目を伏せた紅葉に、それを気づかぬ流華は探るような視線を向けていた。

ふと、紅葉の顔が上がる。流華の予想に反し、紅葉は至極変わらぬ表情で笑みさえ浮かべる。


「お話ししてくれて、ありがとうございました。もう、そろそろ部屋に戻りますね。」

「左様でございますか。いえ、私も共に過ごせ大変光栄にございました。」


何とか返事をした紅葉は、部屋に送られる間も笑みを崩さずにこやかに別れた。

何か言ってこようとする亜子を部屋から出し、扉を背に座り込む。


『お慰め致しました』


その言葉がぐるぐると頭を回る。

暫く、それだけをぼんやりと考え込む。


やっぱり、私だけを愛する人がいるはずないんだ。

三の方も、偽物を好きみたいだし。

壱刄も、流華としてるんだ。

もう、日本に帰りたいよ。


膝を抱え考え込んでいると、扉が叩かれる。

浮かぶ涙を拭い、ゆっくりと扉を開いた。


「…はい?」

「モミジ、失礼致します。どうかしましたか?部屋から出ないと聞いて…ご気分でも?」


美しい顔を心配事そうに眉を下げ、紅葉をいとおしそうに見つめる人。


一番信頼していたのに、今は一番会いたくない。

堪えていたものが、また溢れていく。


「…モミジ?!どうしました?誰かに何か言われましたか?」


それを見た壱刄は、慌てて紅葉を抱き寄せ胸に抱くと優しく背中を撫でる。


(もしもこの方を傷つけた者を見つけたら、末代まで根絶やしにしてやろう)


ぎゅっと紅葉を抱き締める壱刄だが、紅葉の行動で思考が止まってしまう。


「離して。」


思ったより無機質な声を発し、壱刄を押し返す。
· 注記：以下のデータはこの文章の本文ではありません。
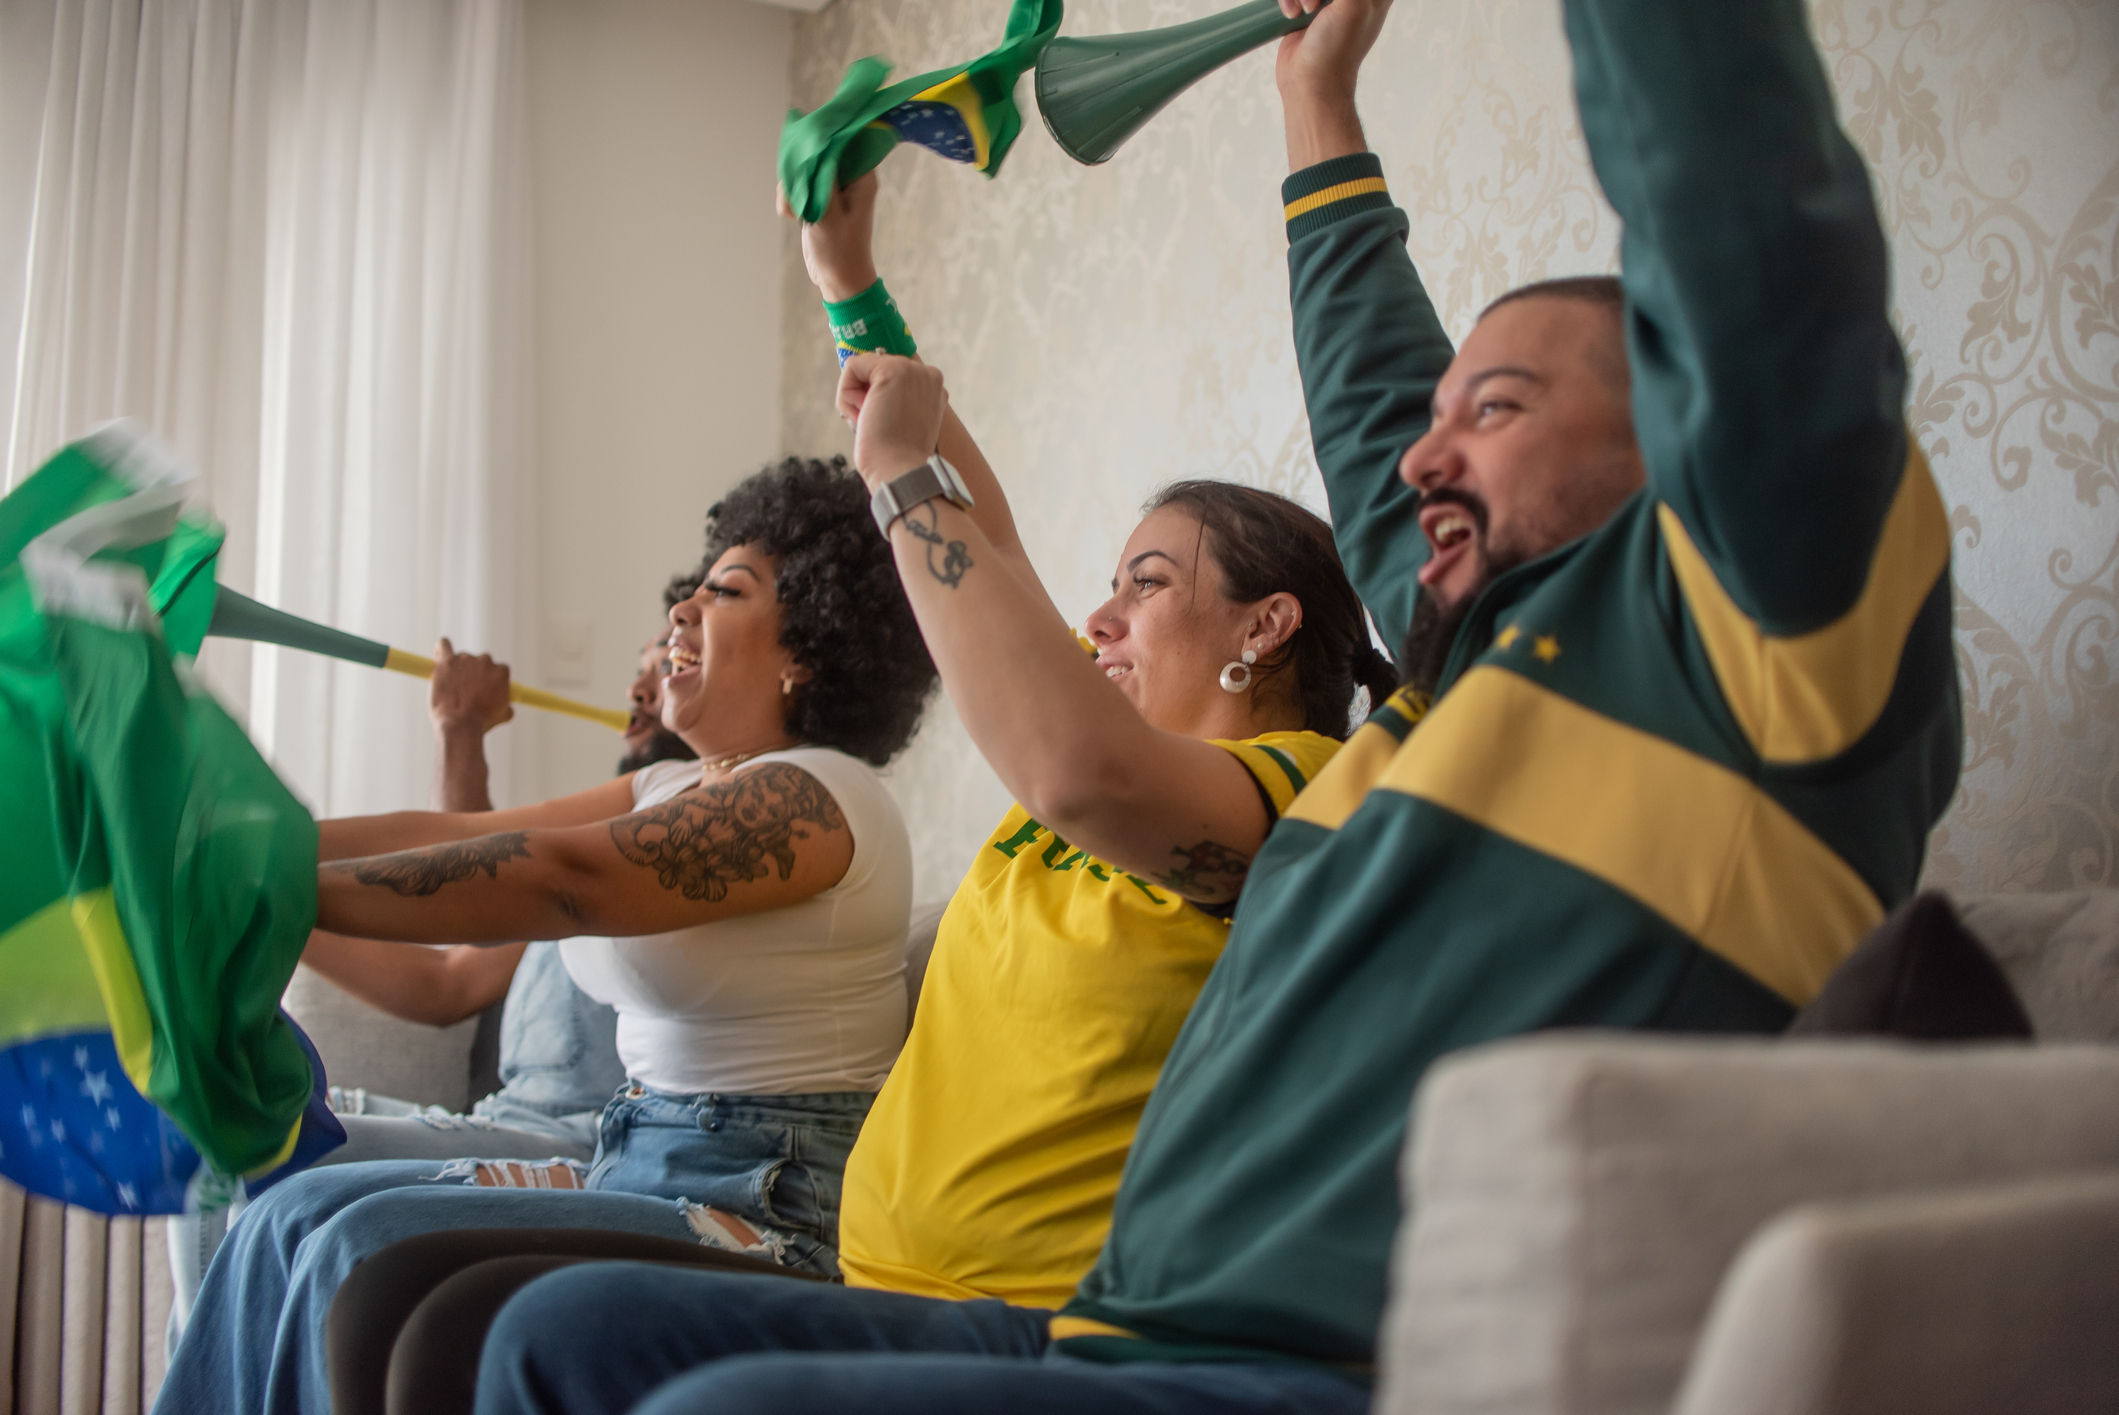 Conforto na Sala - As melhores Dicas para Curtir a Copa do Mundo!

勿論普通なら紅葉の力で離せる筈も無いが、愛しい人の拒絶に壱刄は固まる。


「…モミジ?」

「明日、私を3の国に送って欲しい。」


偽神子のメイド長なら、私が来た方法を知ってるかも?会ってみよう。


「…モミジ、一体なにが?」


視線を会わせようともしない相手に、壱刄の不安は募るばかり。


「…もう、壱刄と一緒に居たくない。」


室内に、紅葉の悲痛な声が響いたのだった。